▶ What the task asks:
A letter-for-letter copy of the listing is required, with no pictures in it.

[[ Information supplied open ]]

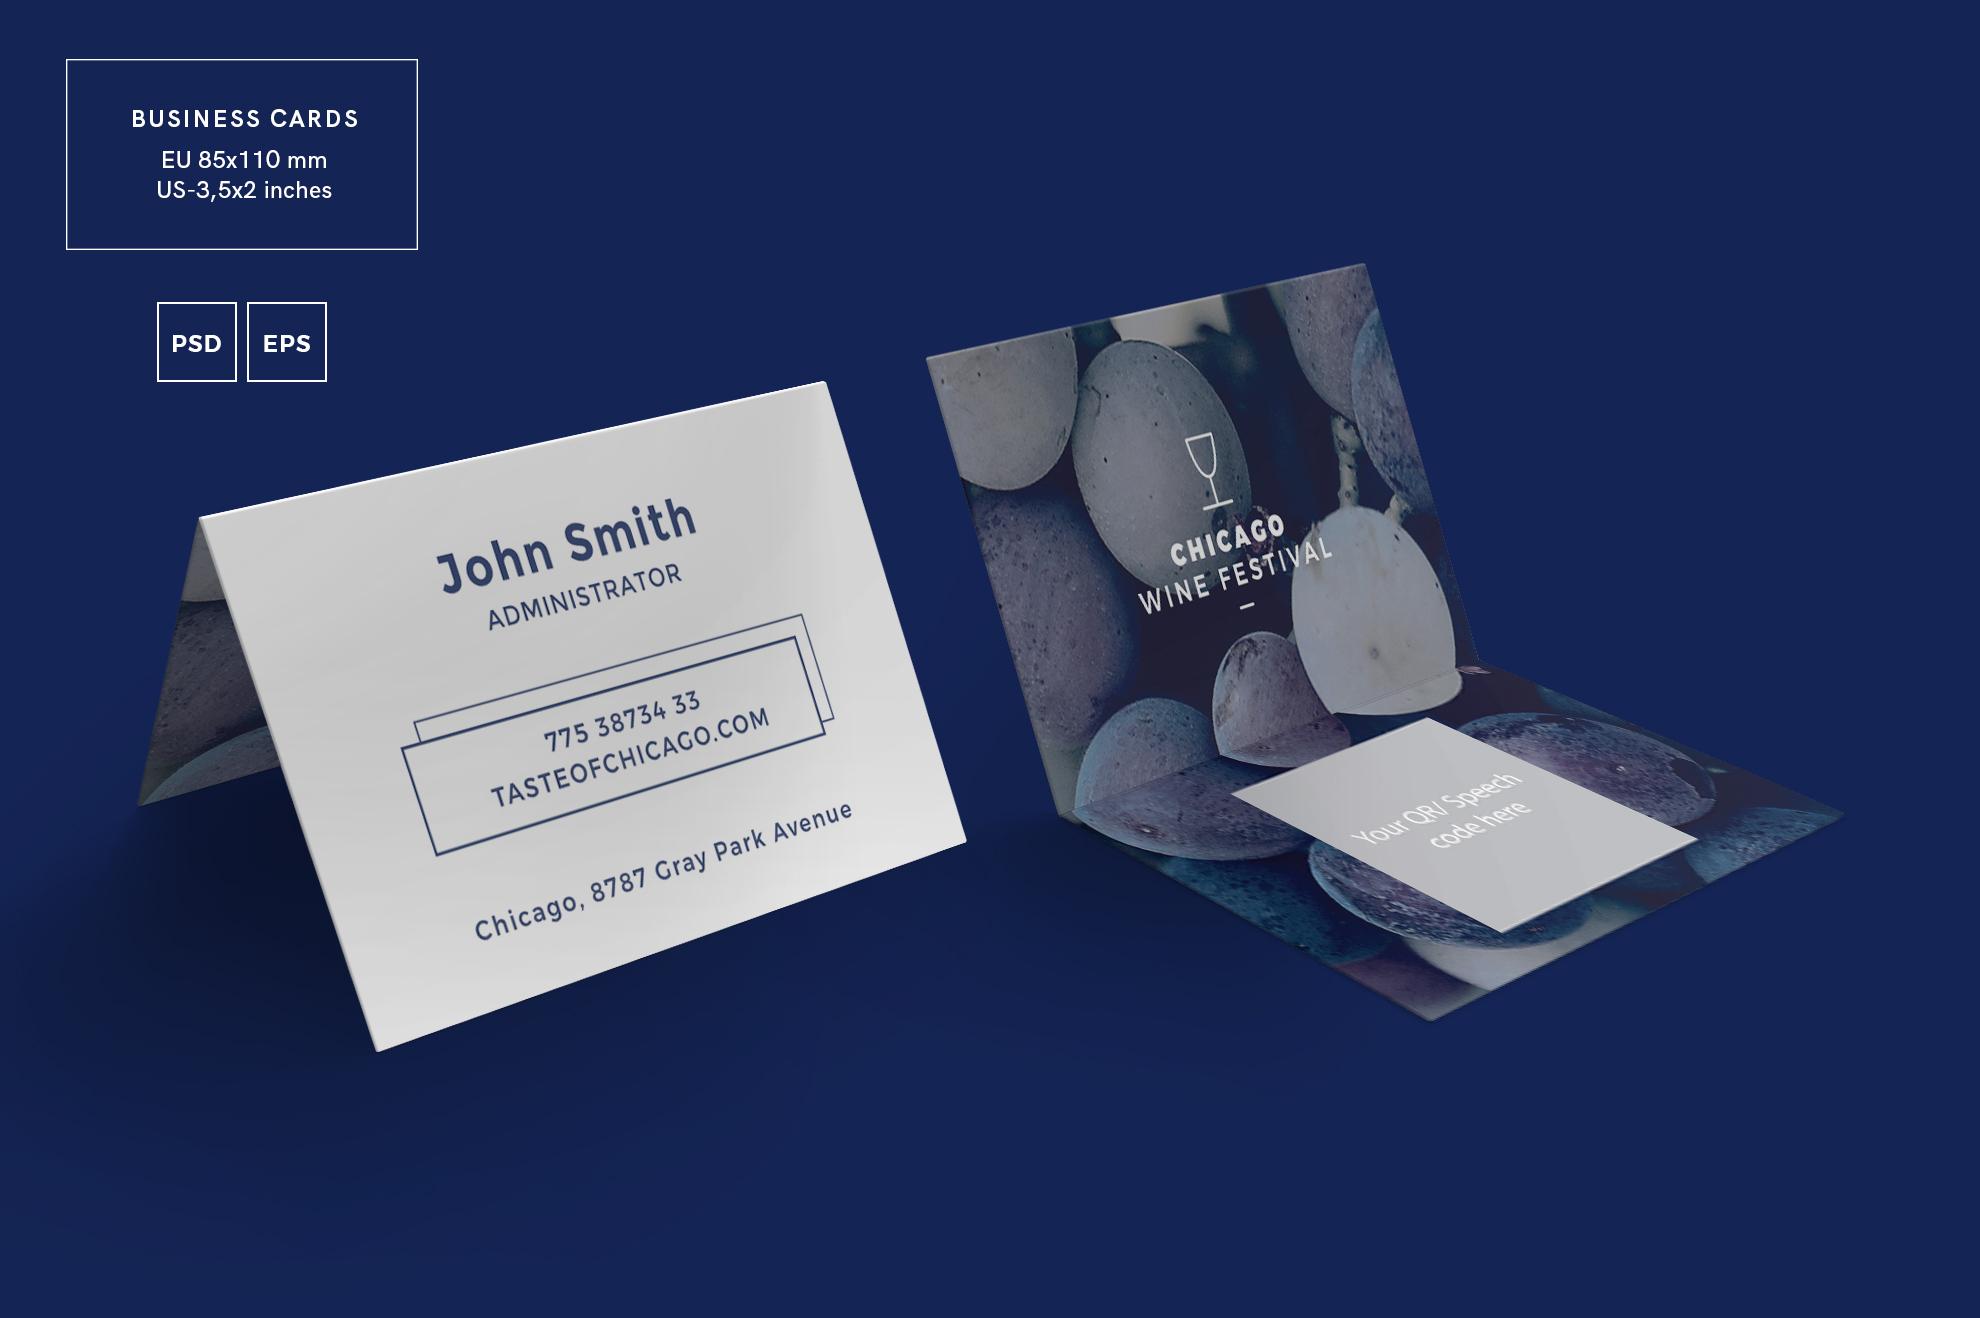 Wine Festival Business Card Design Temp | Design Bundles
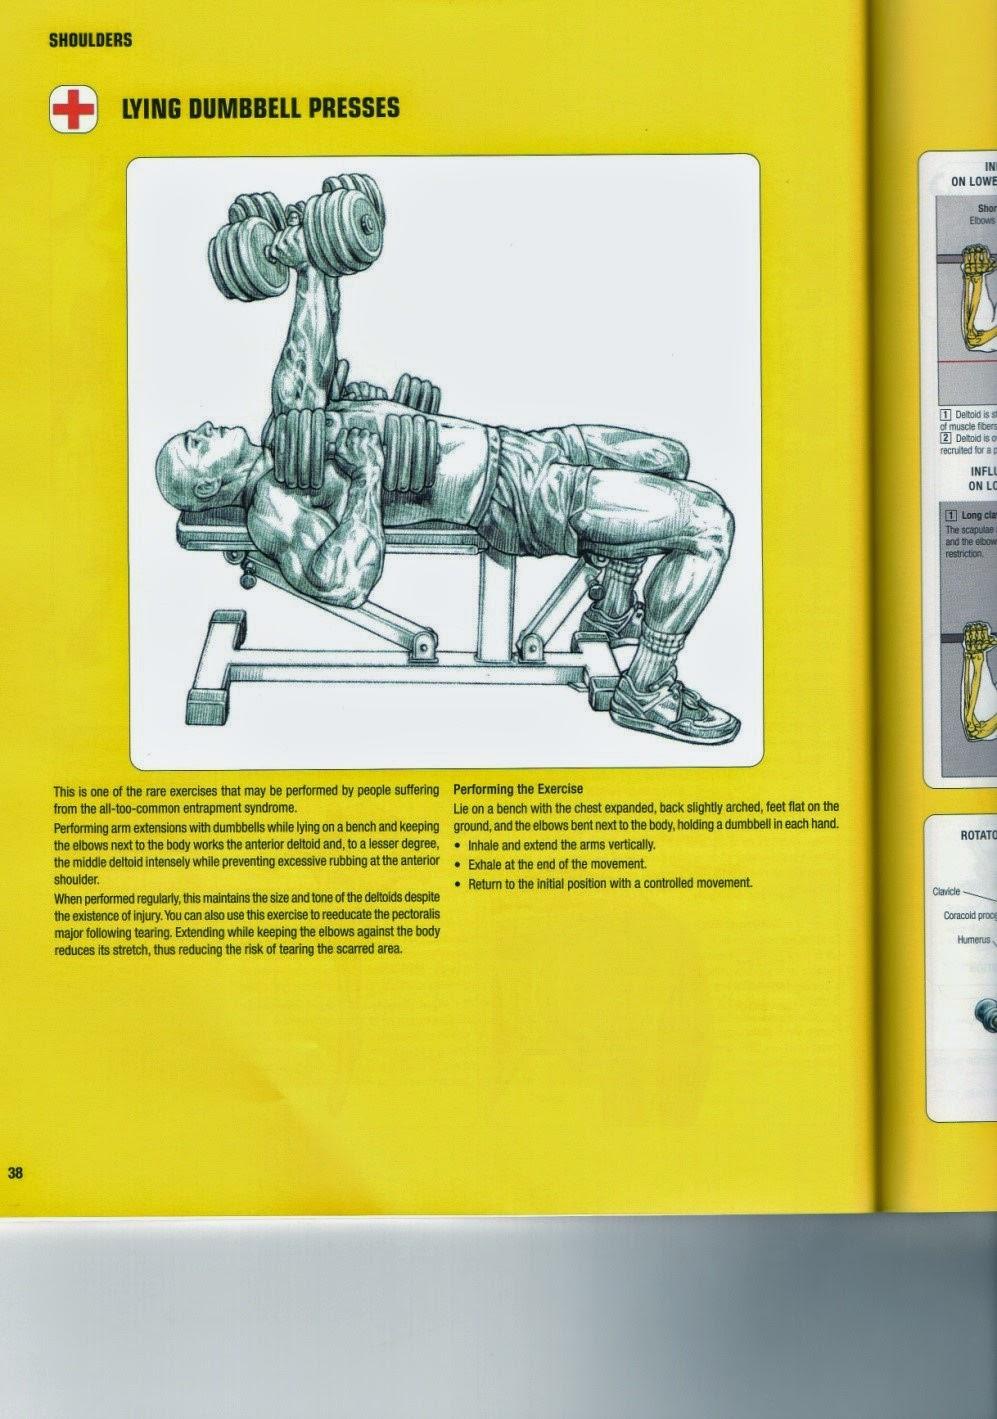 how to fix lifters shoulder
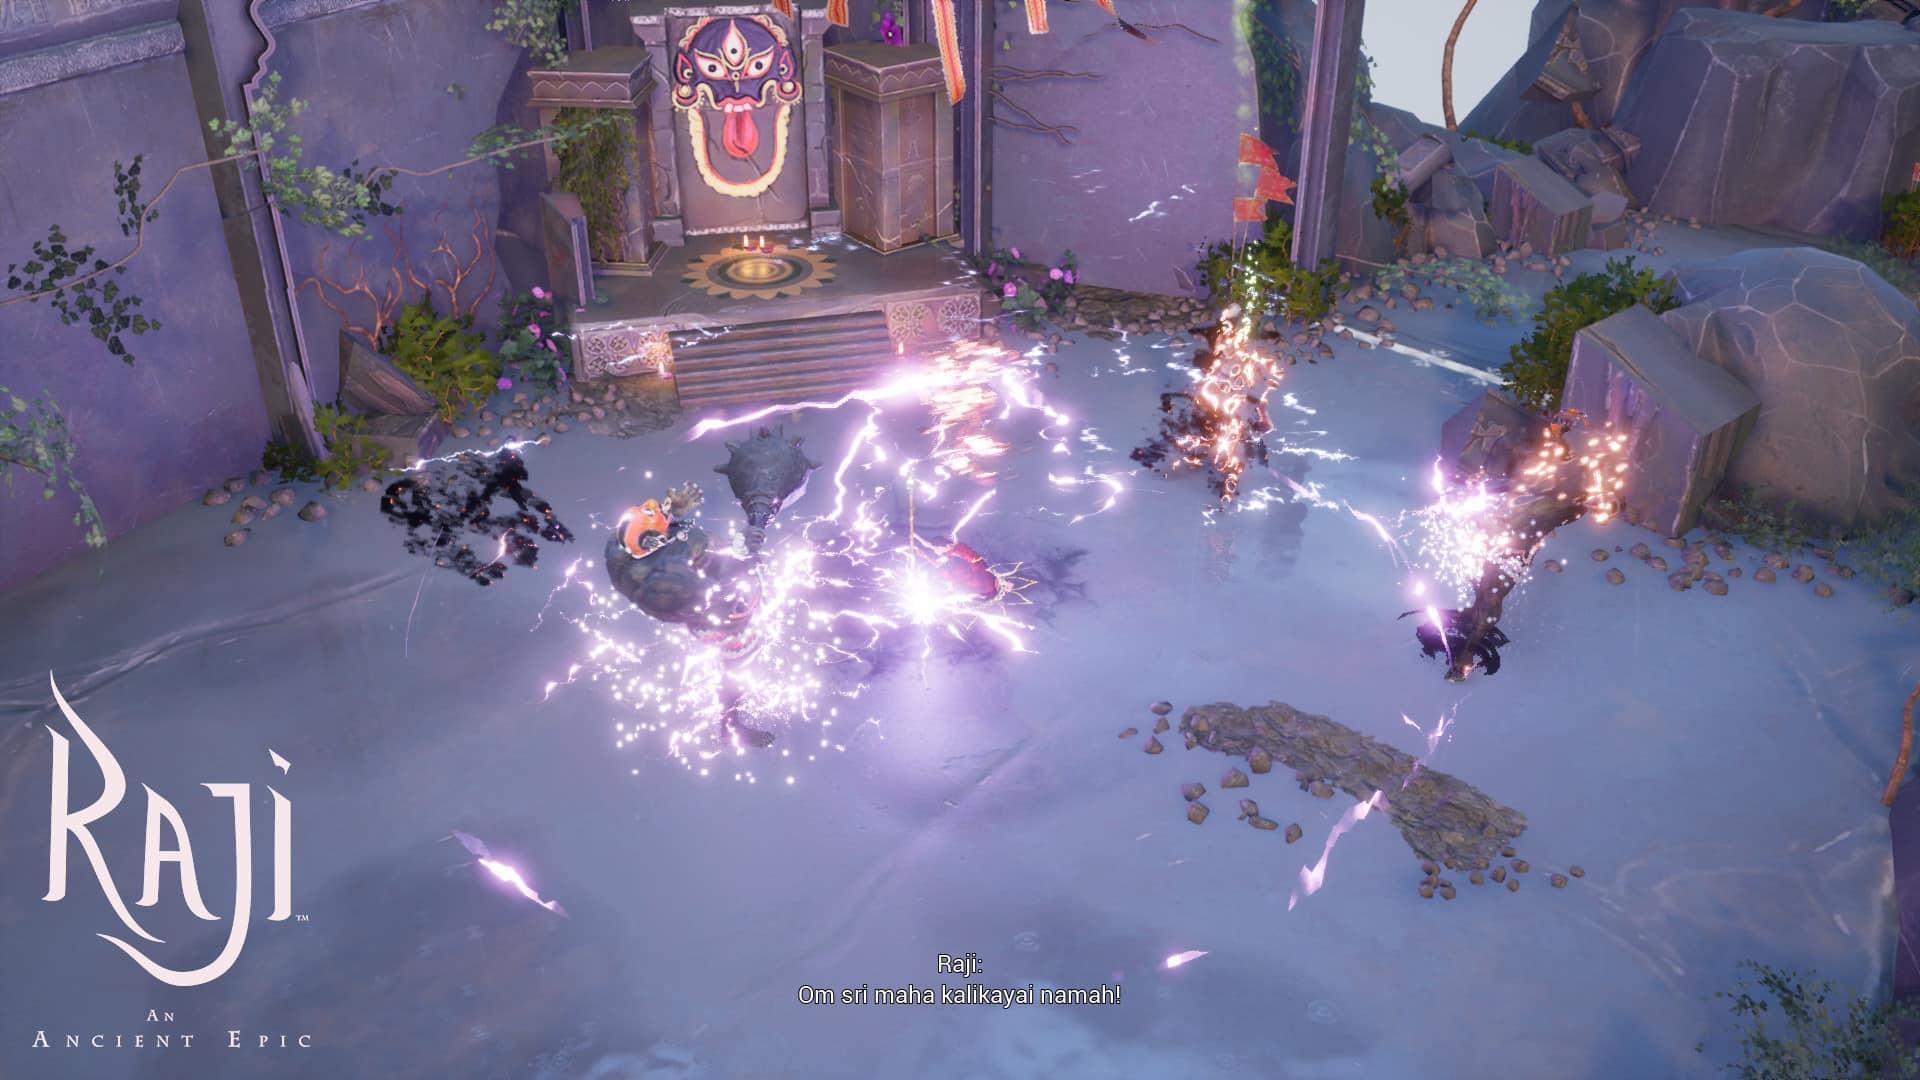 Raji: An Ancient Epic demo Nodding Head Games Gears of War combat in Hindu mythology

[[ Information supplied closed ]]

▶ Response:
 Wine Festival Business Card Design Temp | Design Bundles
 how to fix lifters shoulder
 Raji: An Ancient Epic demo Nodding Head Games Gears of War combat in Hindu mythology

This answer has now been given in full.